Twentieth Century Delta δC Variability in Surface Water Dissolved Inorganic Carbon Recorded by Coralline Algae in the Northern North Pacific Ocean and the Bering Sea

The oxygen isotopic composition and Mg/Ca ratios in the skeletons of long-lived coralline algae record ambient seawater temperature over time. Similarly, the carbon isotopic composition in the skeletons record delta(13)C values of ambient seawater dissolved inorganic carbon.

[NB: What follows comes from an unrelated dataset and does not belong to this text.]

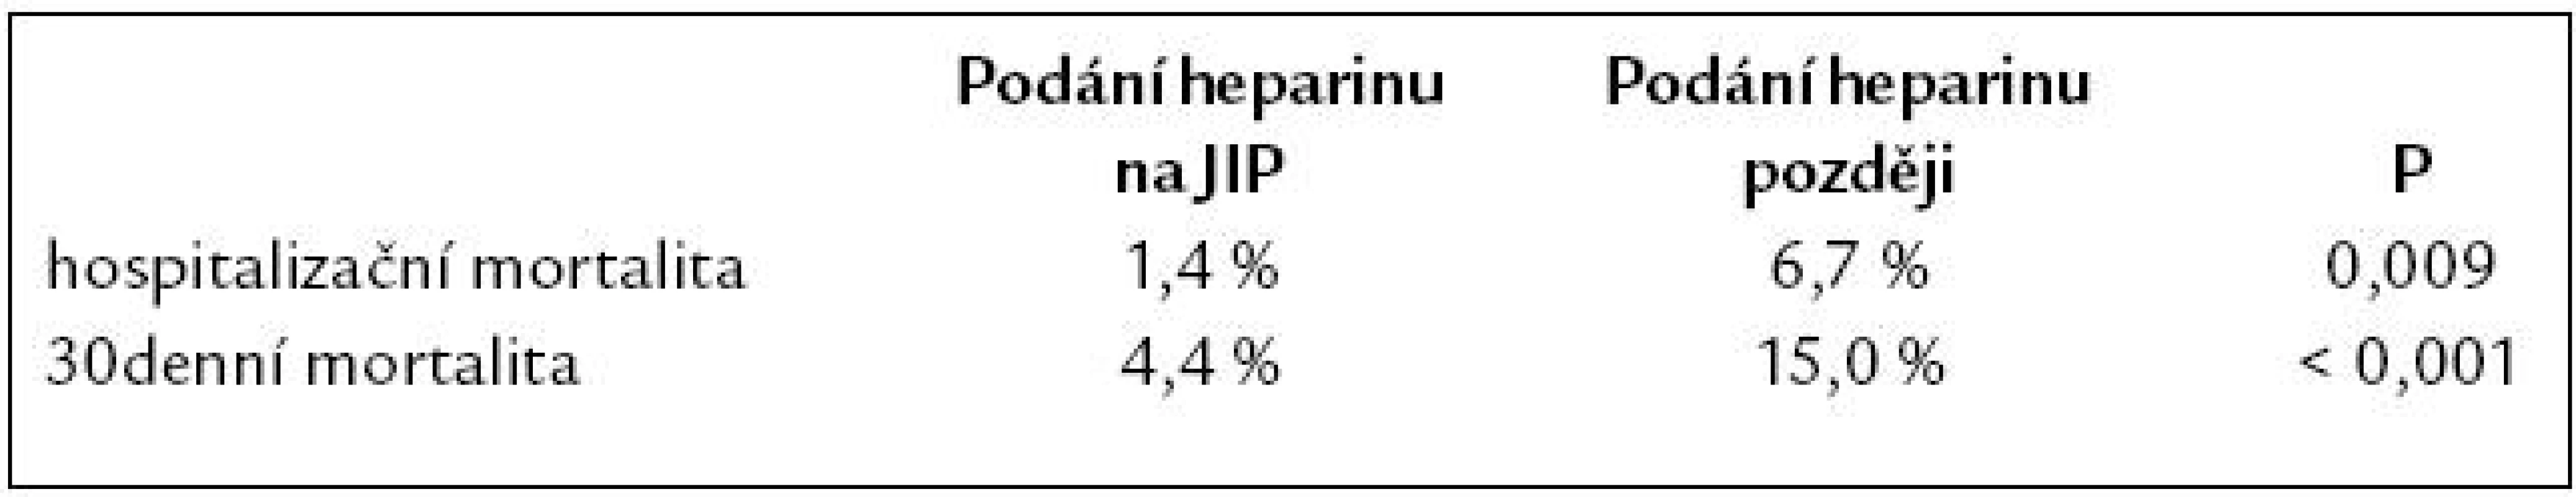 Časné podání heparinu je provázeno snížením mortality.

Here, we measured delta(13)C in the coralline alga Clathromorphum nereostratum to test the feasibility of reconstructing the intrusion of anthropogenic CO(2) into the northern North Pacific Ocean and Bering Sea. The delta(13)C was measured in the high Mgcalcite skeleton of three C. nereostratum specimens from two islands 500 km apart in the Aleutian archipelago. In the records spanning 1887 to 2003, the average decadal rate of decline in delta(13)C values increased from 0.03% yr(-1) in the 1960s to 0.095% yr(-1) in the 1990s, which was higher than expected due to solely the delta(13)C-Suess effect. Deeper water in this region exhibits higher concentrations of CO(2) and low delta(13)C values. Transport of deeper water into surface water (i.e., upwelling) increases when the Aleutian Low is intensified. We hypothesized that the acceleration of the delta(13)C decline may result from increased upwelling from the 1960s to 1990s, which in turn was driven by increased intensity of the Aleutian Low. Detrended delta(13)C records also varied on 4-7 year and bidecadal timescales supporting an atmospheric teleconnection of tropical climate patterns to the northern North Pacific Ocean and Bering Sea manifested as changes in upwelling.